EXERCISE
Every line from the one containing "Azulejo Hidraulico Adesivo Adesivo" through the end of the listing below goes in the output, exactly and without pictures.

DATA BLOCK
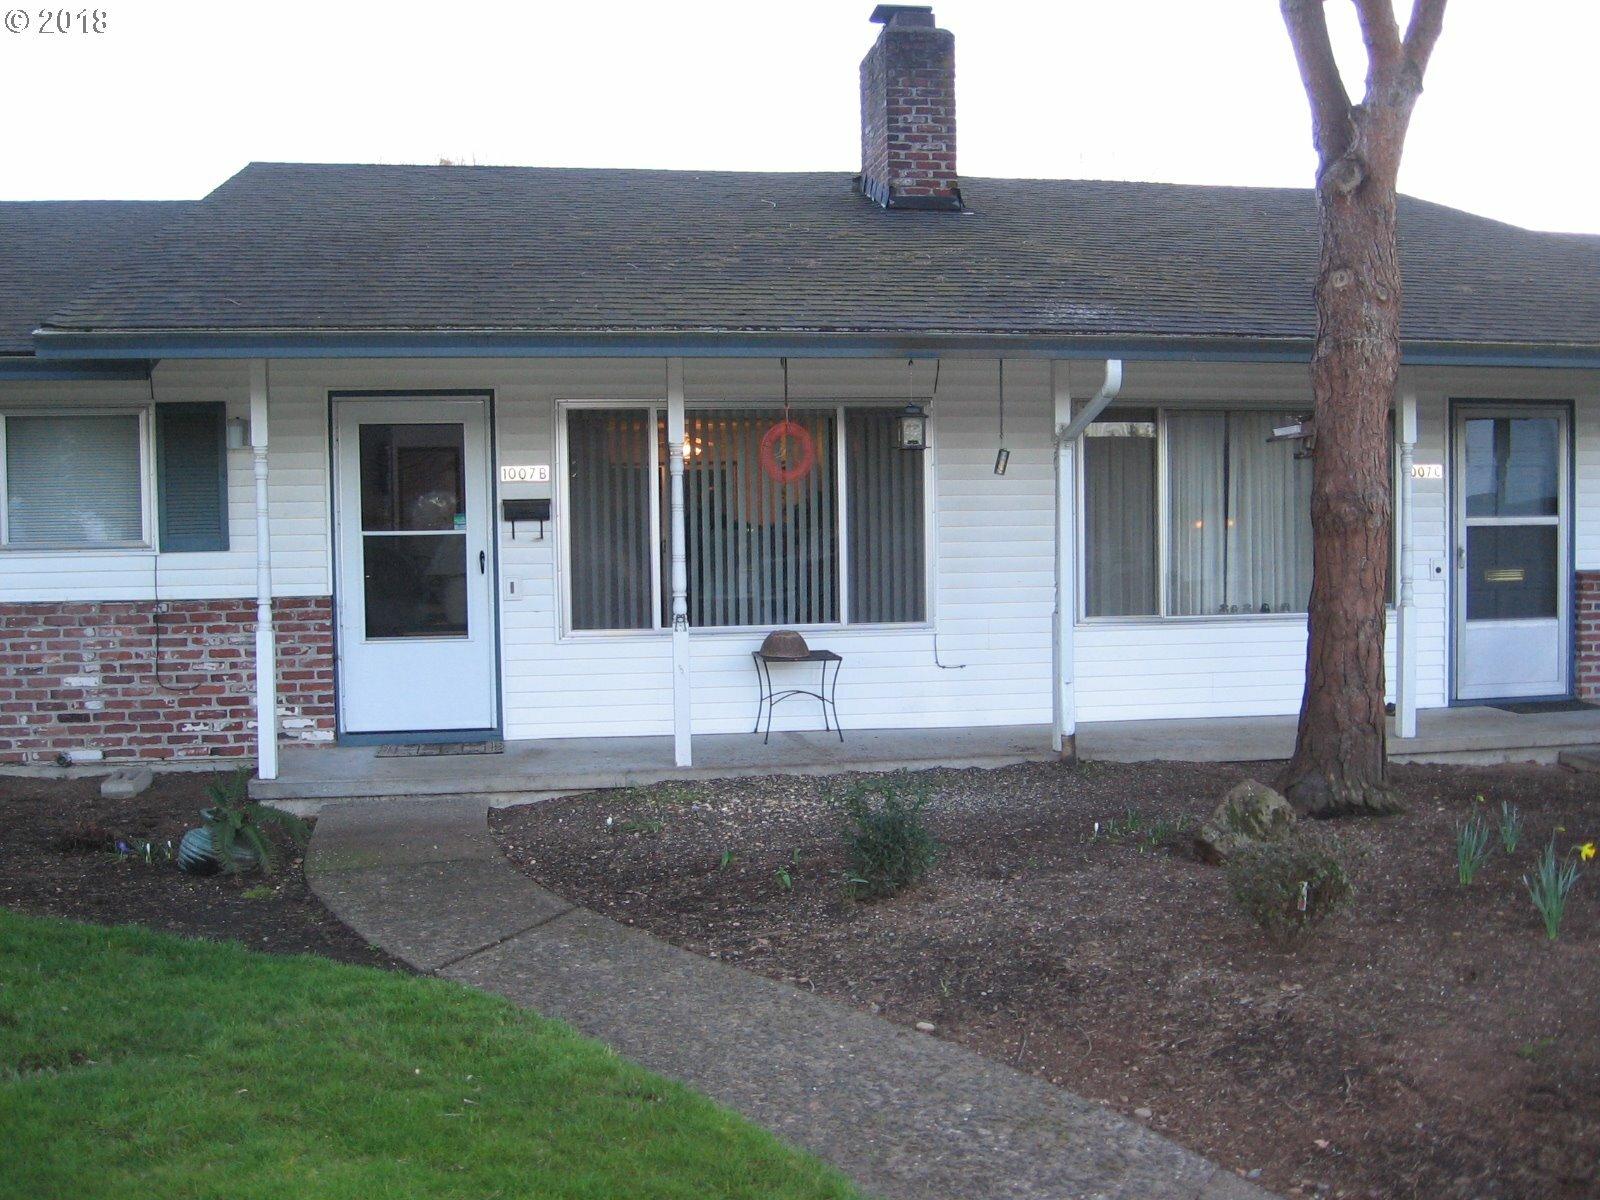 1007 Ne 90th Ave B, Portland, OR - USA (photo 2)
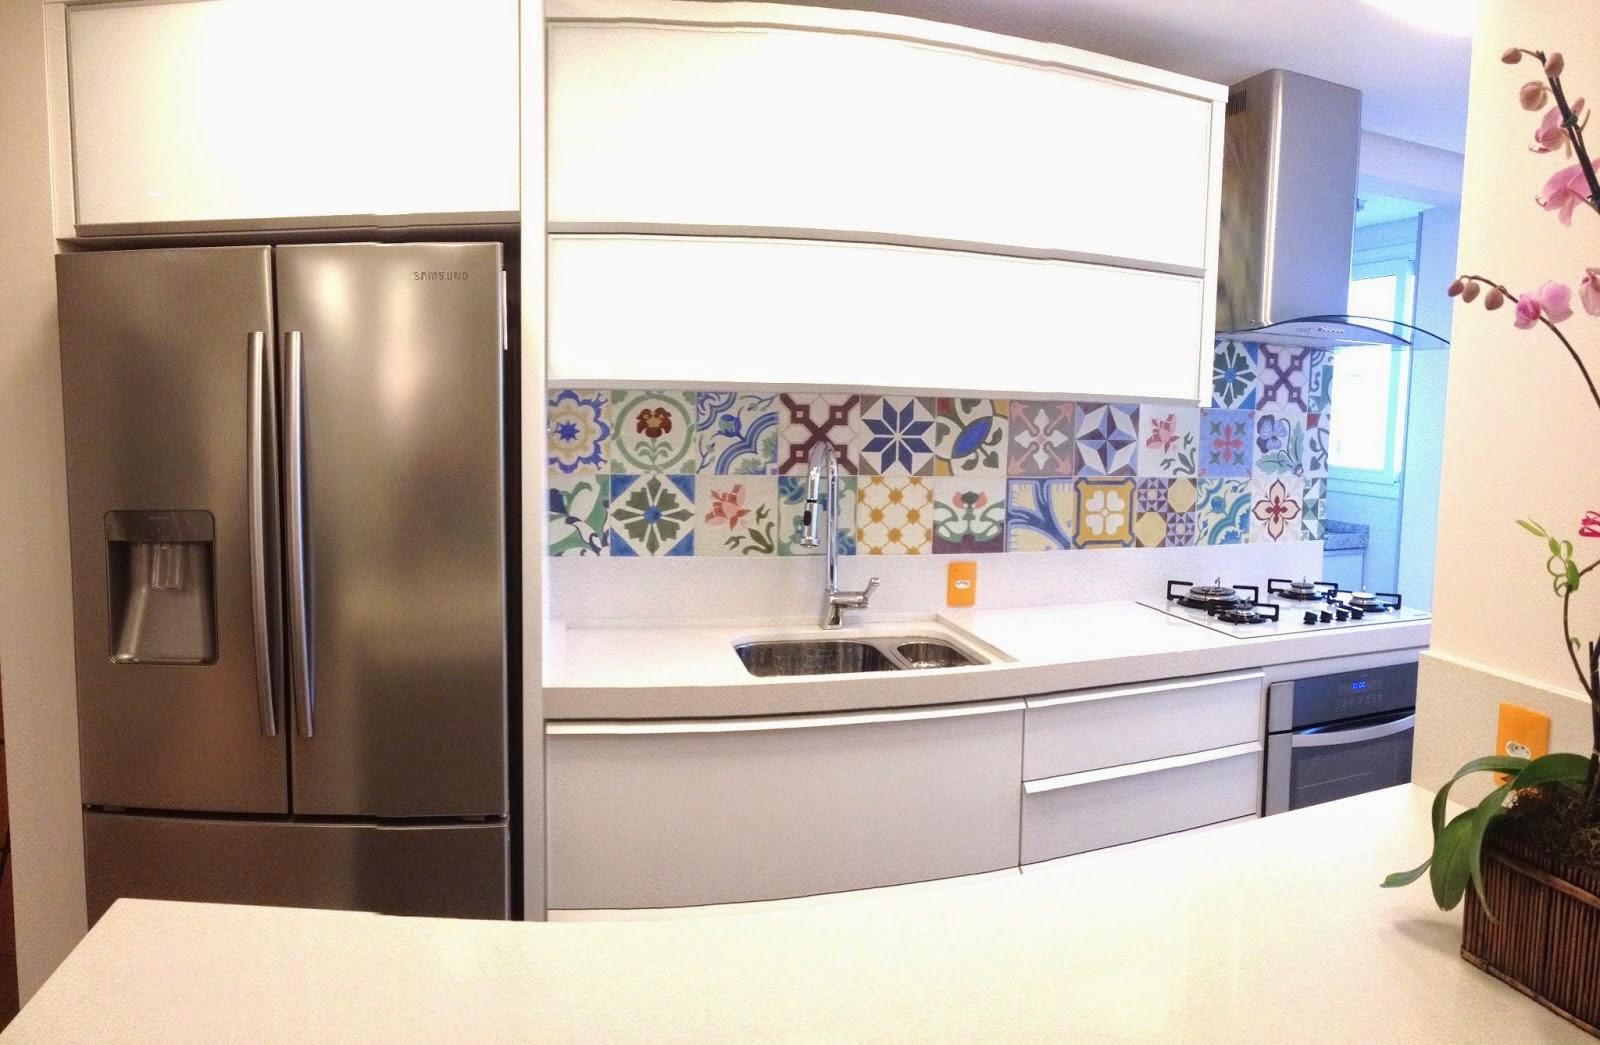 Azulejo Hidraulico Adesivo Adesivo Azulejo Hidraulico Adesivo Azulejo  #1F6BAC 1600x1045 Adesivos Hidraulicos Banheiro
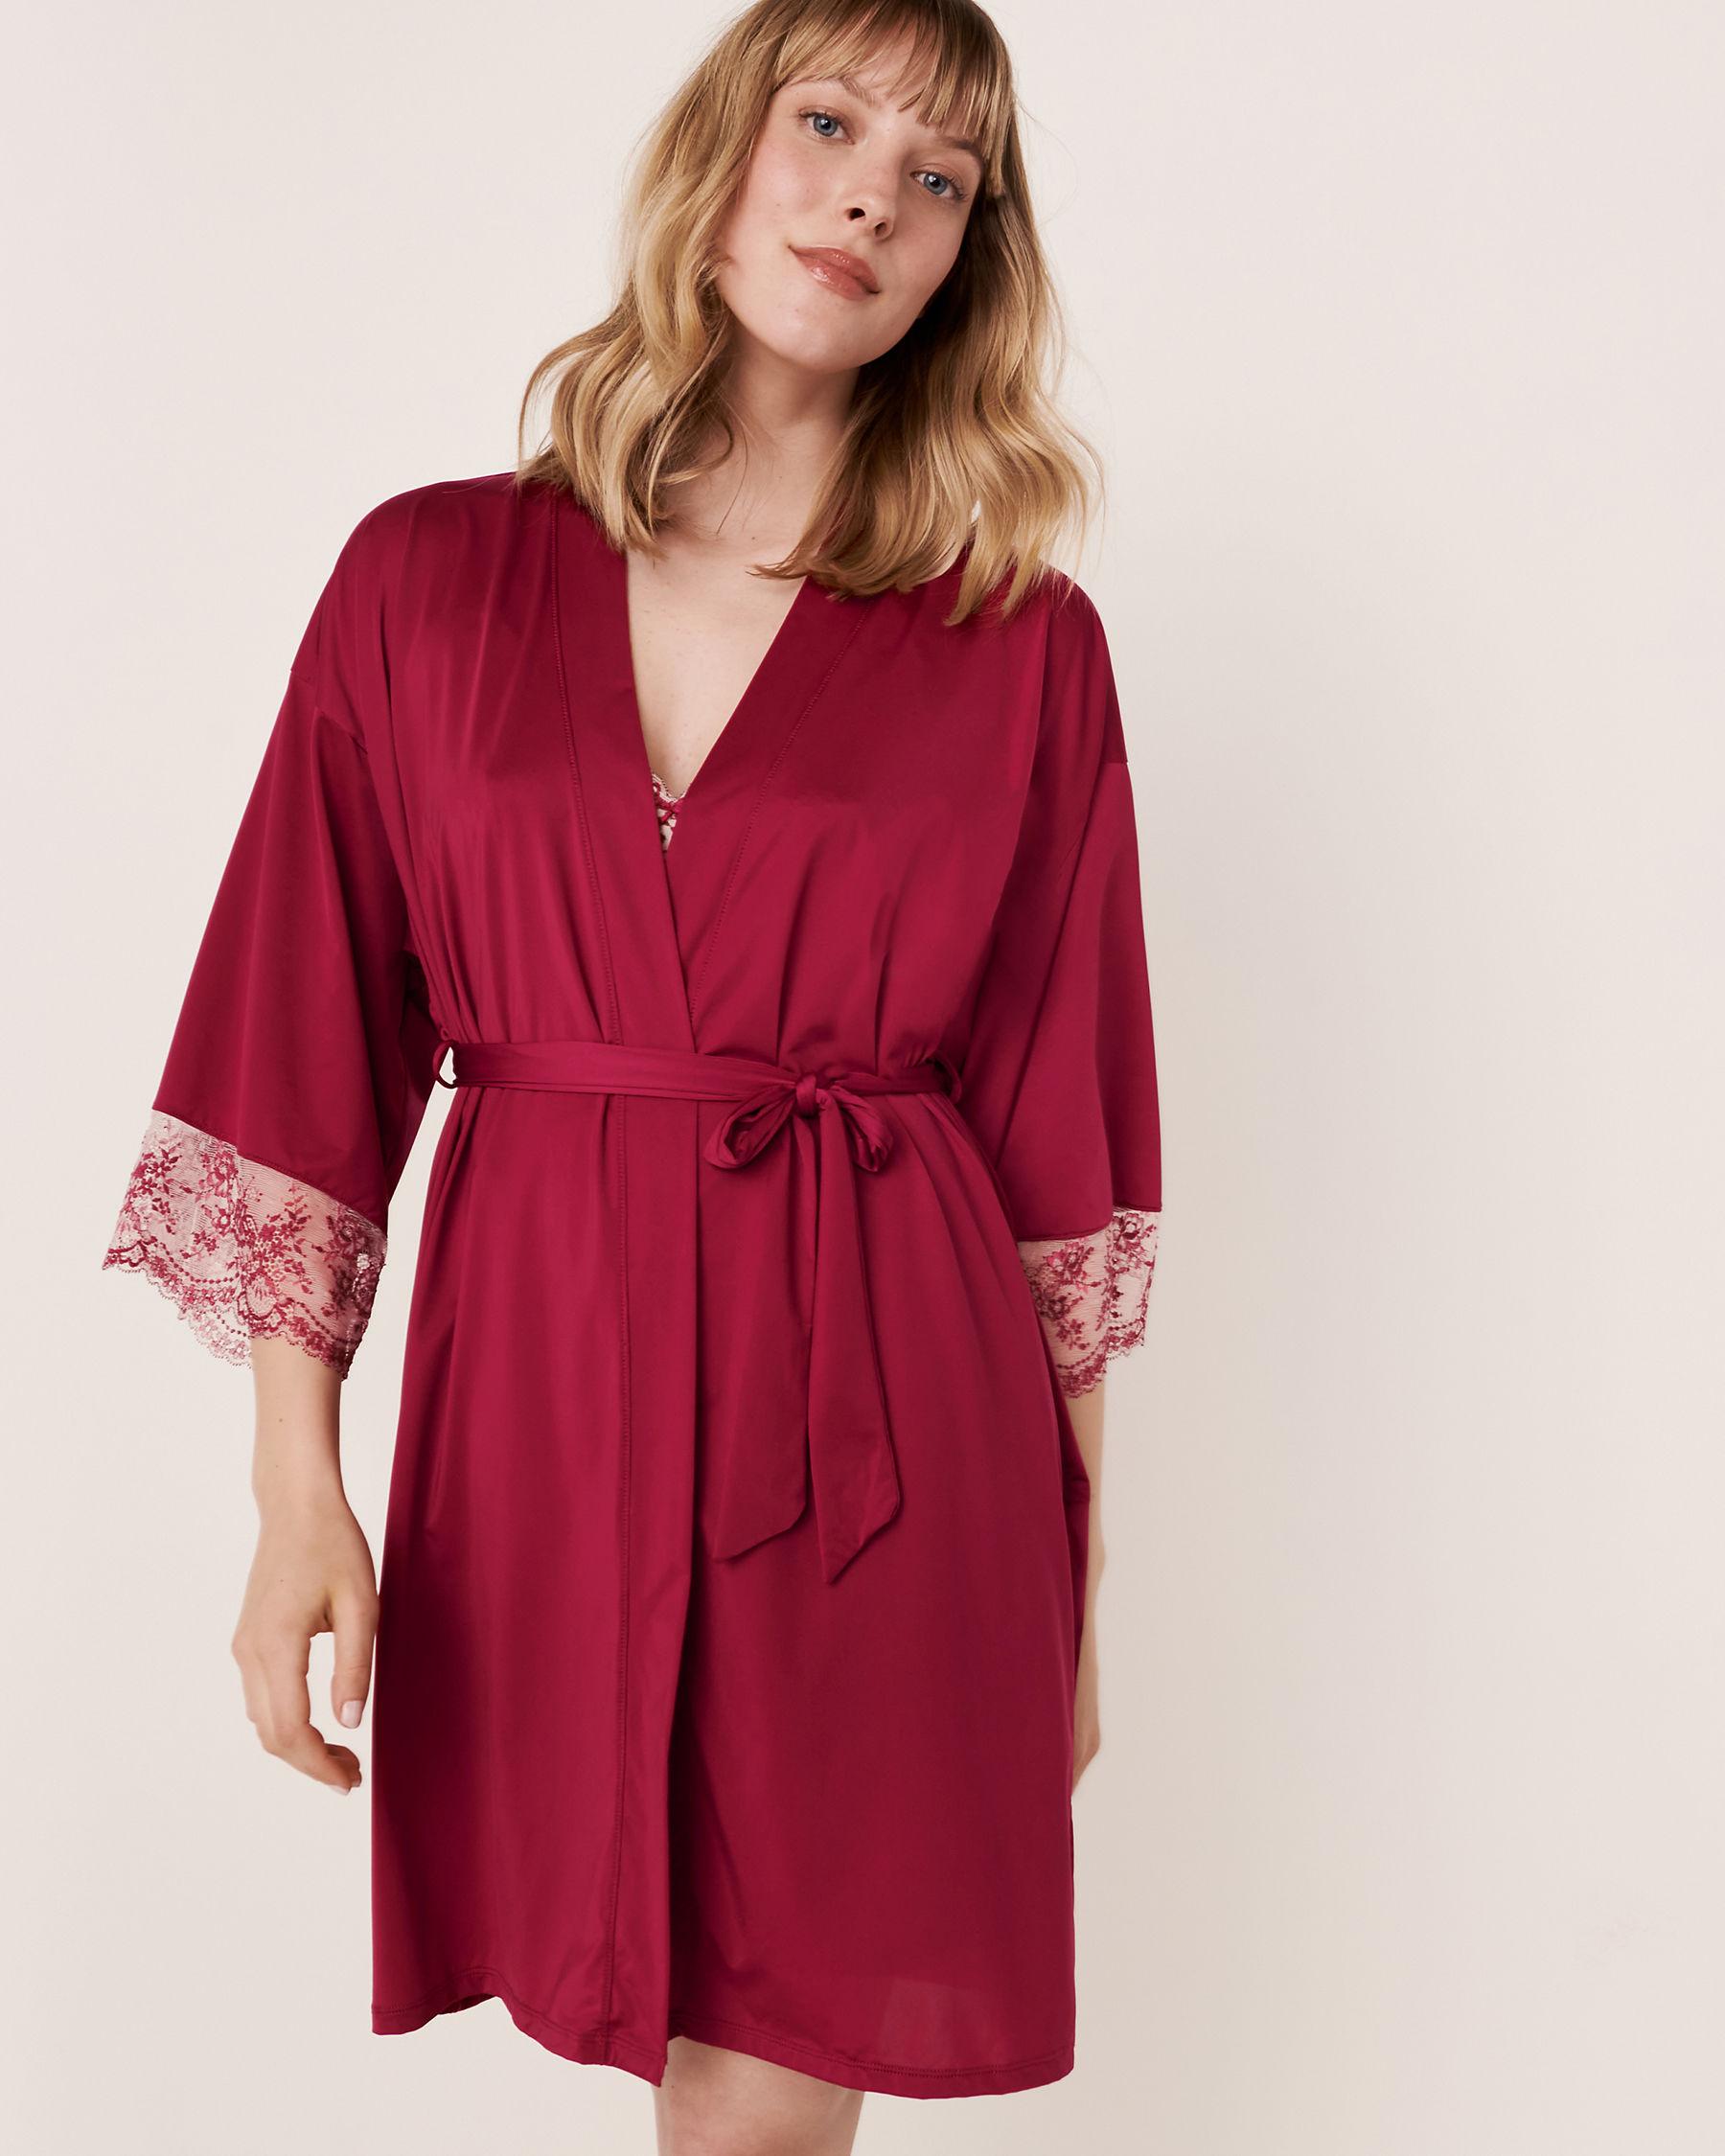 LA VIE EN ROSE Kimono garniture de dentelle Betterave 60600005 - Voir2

WRITTEN ANSWER
 Azulejo Hidraulico Adesivo Adesivo Azulejo Hidraulico Adesivo Azulejo  #1F6BAC 1600x1045 Adesivos Hidraulicos Banheiro
 LA VIE EN ROSE Kimono garniture de dentelle Betterave 60600005 - Voir2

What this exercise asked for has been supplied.